“Oh.” I reach into my pocket, and I take my phone out. Dammit. She’s sent me a string of texts and is getting increasingly worried. I respond that Allison is with me, and shemade me spaghetti, and it’s fine. Even though I have a feeling Allison already told her that.
This way, maybe she won’t think I only checked my phone because of Allison.
“I’m surprised she didn’t move in.”
“If I hadn’t agreed to look after you, she would have.”
I grimace. That tracks. “Thanks. I love my mom. Don’t get me wrong. But I don’t exactly want to cohabitate with her.”
“Fair enough. I love my dad, but I don’t want to move back in with him.”
“Yeah. Well, I think my mom would mean well and do everything in her power to stop me from getting a hangnail at this point. So, I wouldn’t be allowed to do anything for myself.” I try to say that with no irony, but given I’m sitting here being served by her, and she even got the TV remote for me, I feel a little bit stupid.
“She loves you.”
I laugh. “Oh. I know. I’m not under any illusion that my mom doesn’t love me. I’m lucky that way.”
She nods. “Yeah. You really are. Your mom is the best. I’m lucky too.”
Parents are such a thorny topic. Her real mom is dead. My real dad is just a horrible human being, and the fact of the matter is, we’re both lucky our parents met and married. Honest truth.
But, it’s still thorny. I don’t often sit in the thorns. I’m usually too busy moving on to the next thing.
Ohtani hits a home run, and she points to the TV. “That was good. I know enough to know that was good.”
“You’re practically ready for the MLB now.”
“Yep. That’s me. Very athletic.”
I never thought of her as unathletic, but she was definitely more inside than out. When she was really little, back when she was just my friend’s little sister, she used to trail after uson her dad’s property, following Gentry and me all around, and complaining loudly whenever she was made to be even a little bit uncomfortable. She didn’t like bees, she didn’t like getting her feet wet, didn’t like it when she got burrs in her socks.
I can’t say that I like any of those things, but we were twelve-year-old boys with an annoying nine-year-old trailing after us, and I would have pretended that I love nothing more than to stick my right hand into a beehive and my left ankle into a sludgy pond if it meant demonstrating my toughness in the face of her whining.
I suppose that’s a pretty good indicator of how we ended up with the relationship we have.
She was always just a kid, irritating to me, and I didn’t hide it. If she’d had pigtails, I’d have pulled them.
I look up, and she’s got her gaze fixed on the TV, her face in profile. She’s beautiful. Her nose reminds me of a ski slope, sweet freckles sprinkled across it, all around her cheeks. She used to hate them when she was little, and now I’ve seen girls paint freckles on their faces because they’re so trendy. It’s funny how that stuff happens.
She’s got that striking red hair. Copper mixed with deep, russet tones. Her hair isn’t really curly. It isn’t really straight. It’s a mix of the two, and often does its own thing. She keeps it in a messy bun a lot of the time, which, right now, she has it down, tumbling over her shoulders.
If I think about pulling her hair now, it has a whole different undertone.
Oh. Hell. No. No. I’m not going there.
“This is great,” I say, because interrupting my thoughts seems like a good move at this point.

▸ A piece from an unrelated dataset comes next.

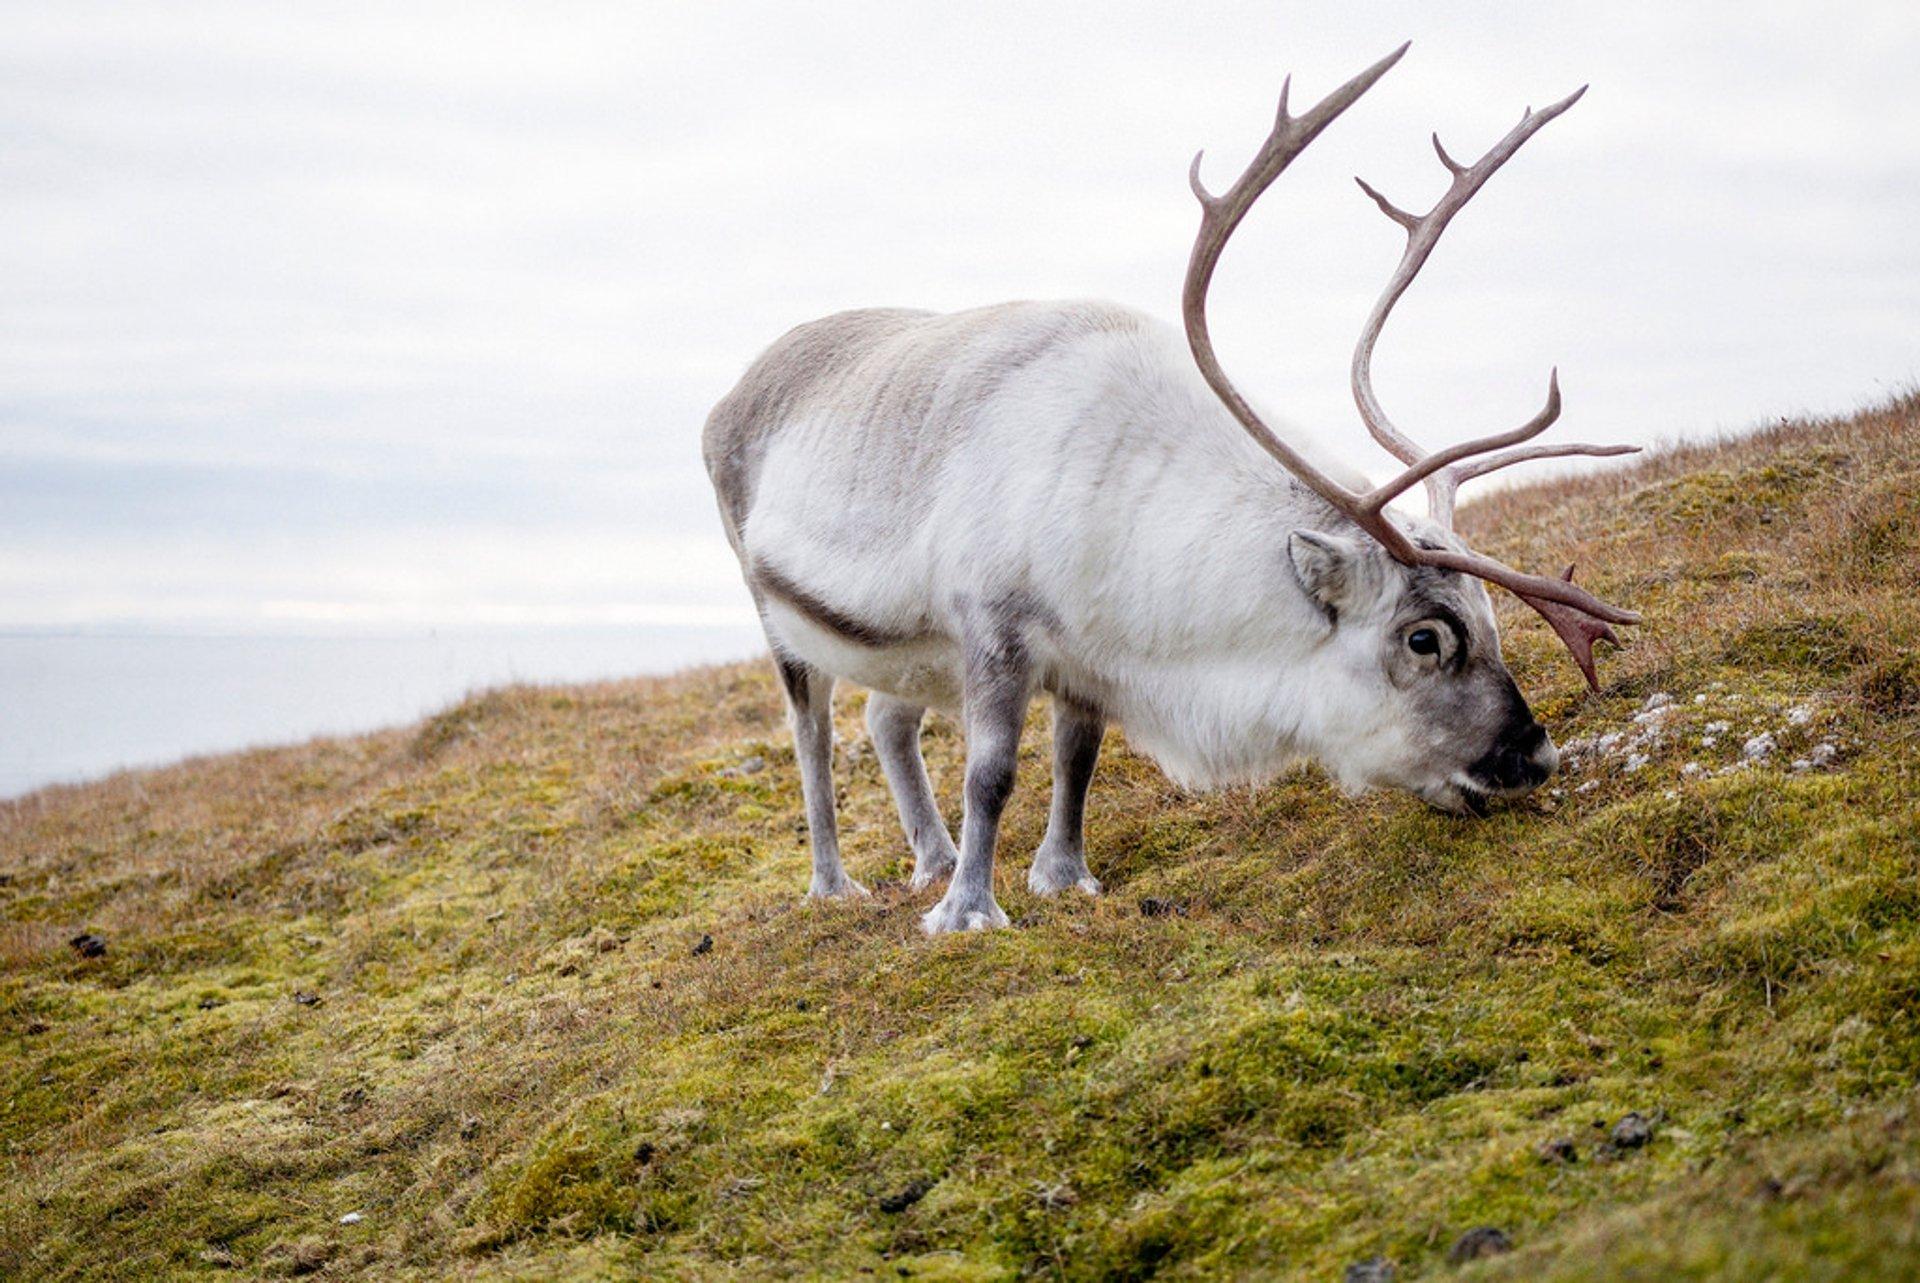 Reindeer in Svalbard 2019 - Best Time

“You were just in a hostage situation with hospital food for weeks.”
I snort. “Right. That is true. But this is still good.”
“Thank you. My left wrist really got a workout opening that jar.”
My brain stalls out, trying to make a joke about the last time my left wrist got a workout, though given that I was just reflecting on the fact I haven’t had a hard-on in weeks, there’s not much to say. And anyway, I shouldn’t say it in front of her. There was something…
There was something when I made that joke about the sex tape. Then she started talking about pickup trucks and penises.
Well, she didn’t actually say the word.